Tinybird is built on ClickHouse and helps data teams build scalable real-time data products by enabling them to unify all their data, develop real-time transformations with SQL, and surface data products to their entire organization through auto-generated high-concurrency, low-latency APIs. We have a number of in-house experts in ClickHouse and are often frequent contributors to open-source ClickHouse as well. As such, we often help customers like this improve performance and lower their costs through ClickHouse query performance.
Read on for more information about how Bloom filter text indexes can be used to optimize real-time text search in ClickHouse. And if you’re interested in joining our team, please check our careers page and apply.

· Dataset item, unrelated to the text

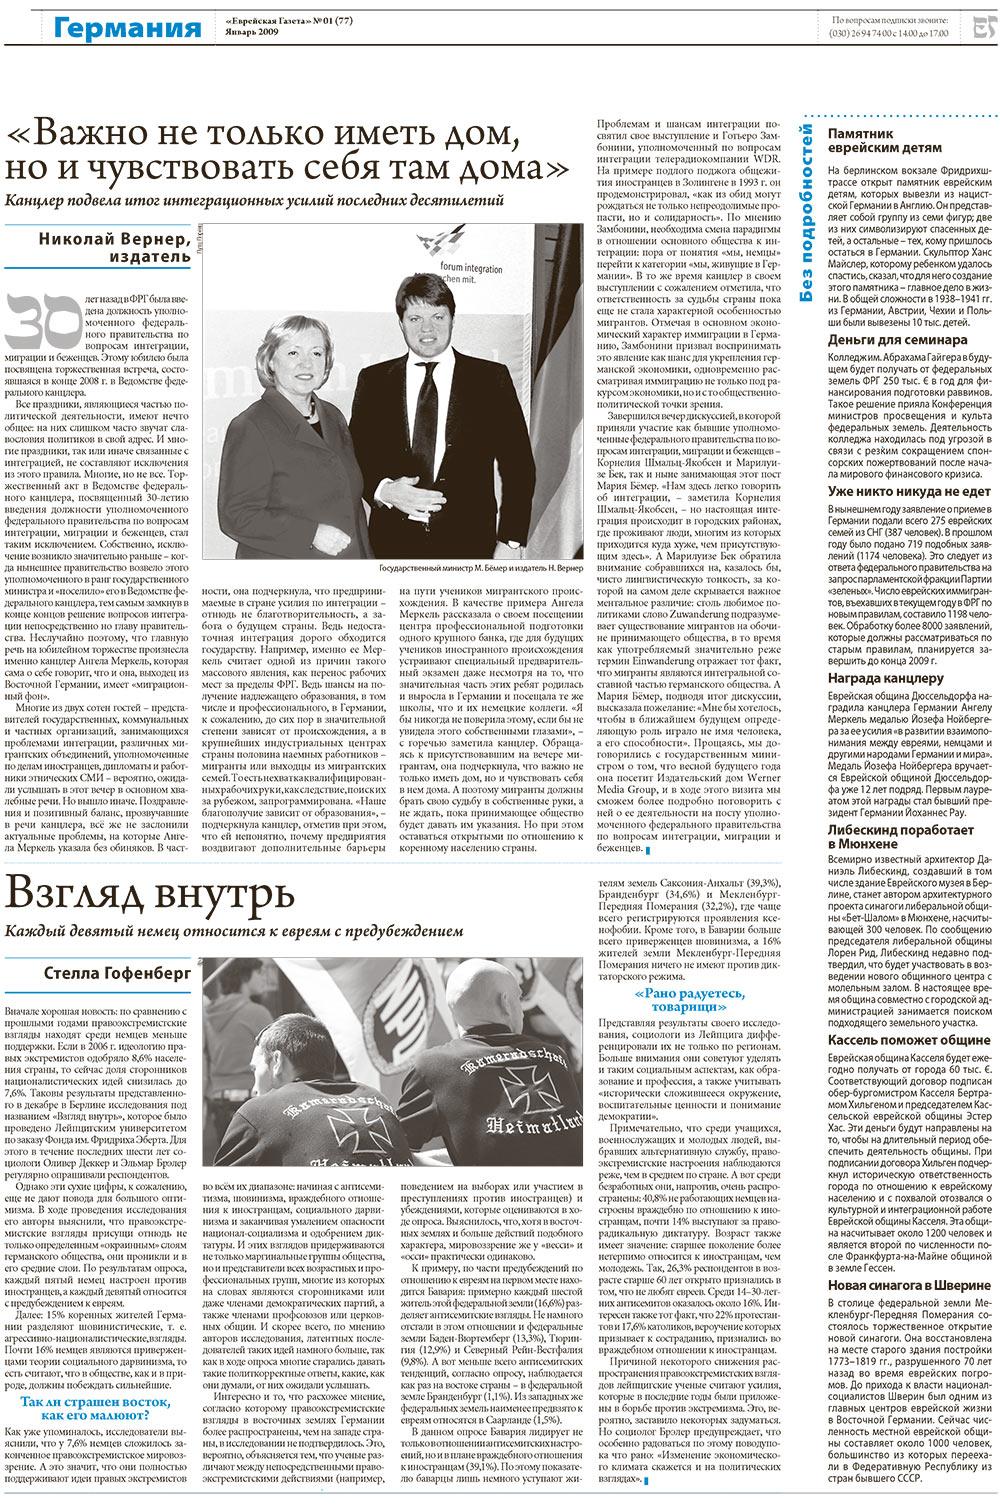 Еврейская газета (газета). 2009 год, номер 1, стр. 3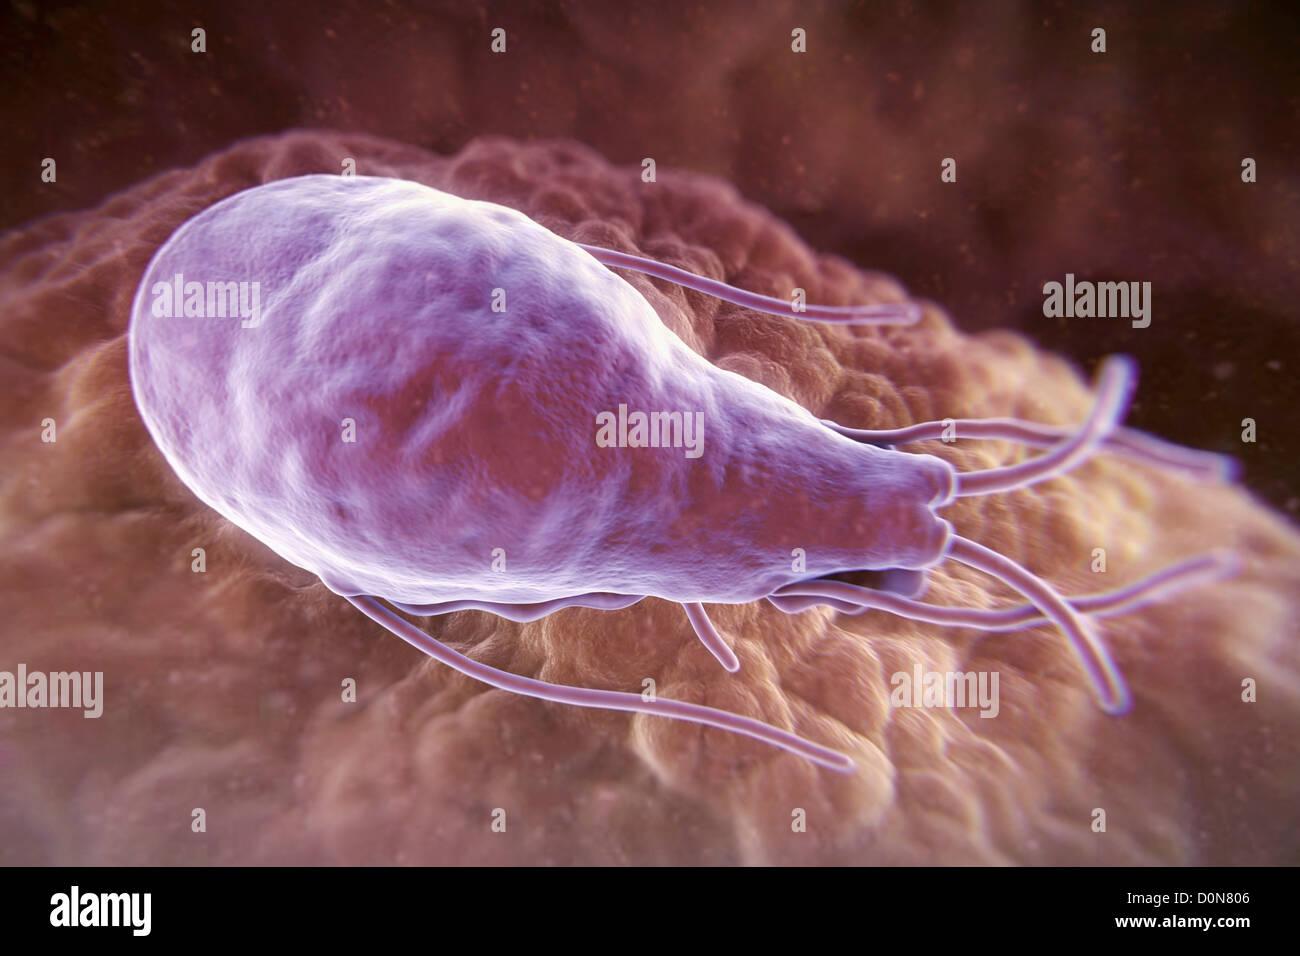 паразиты в печени симптомы лечение

If you’d like to try out Tinybird, we have an always free plan that will get you started. You can build your first real-time data API in minutes.
Conventional wisdom posits that text search without any unique provisions will invariably entail a full scan, an approach akin to looking for a needle in a haystack.
Undoubtedly, full scans are anything but efficient, causing undue strain on your system's resources, stalling productivity, and increasing your compute costs.
Moreover, the standard indexing techniques provided by ClickHouse, such as Primary or Sorting Keys, aren’t particularly suitable for or flexible enough to handle text-based searches. The performance boosts they do offer are effectively relegated to specific text search use cases like exact matches or matching the beginning of the text—cases where you can leverage alphabetical sorting of the text you’re searching.
If you need to achieve more complex use cases like substring matching, these indexing techniques won’t help. You need to use something different to avoid full scans.
This is where ClickHouse's "Data Skipping Indexes" come into play. These specialized indexes can be used to massively improve the performance of text searches on ClickHouse. The magic of Data Skipping Indexes lies in their structure—they contain relevant information about what's contained within a certain granule (or multiple granules) of the table. The granularity size, dictated by the engine settings, allows for more efficient data processing, effectively making it possible to bypass the arduous full scan approach.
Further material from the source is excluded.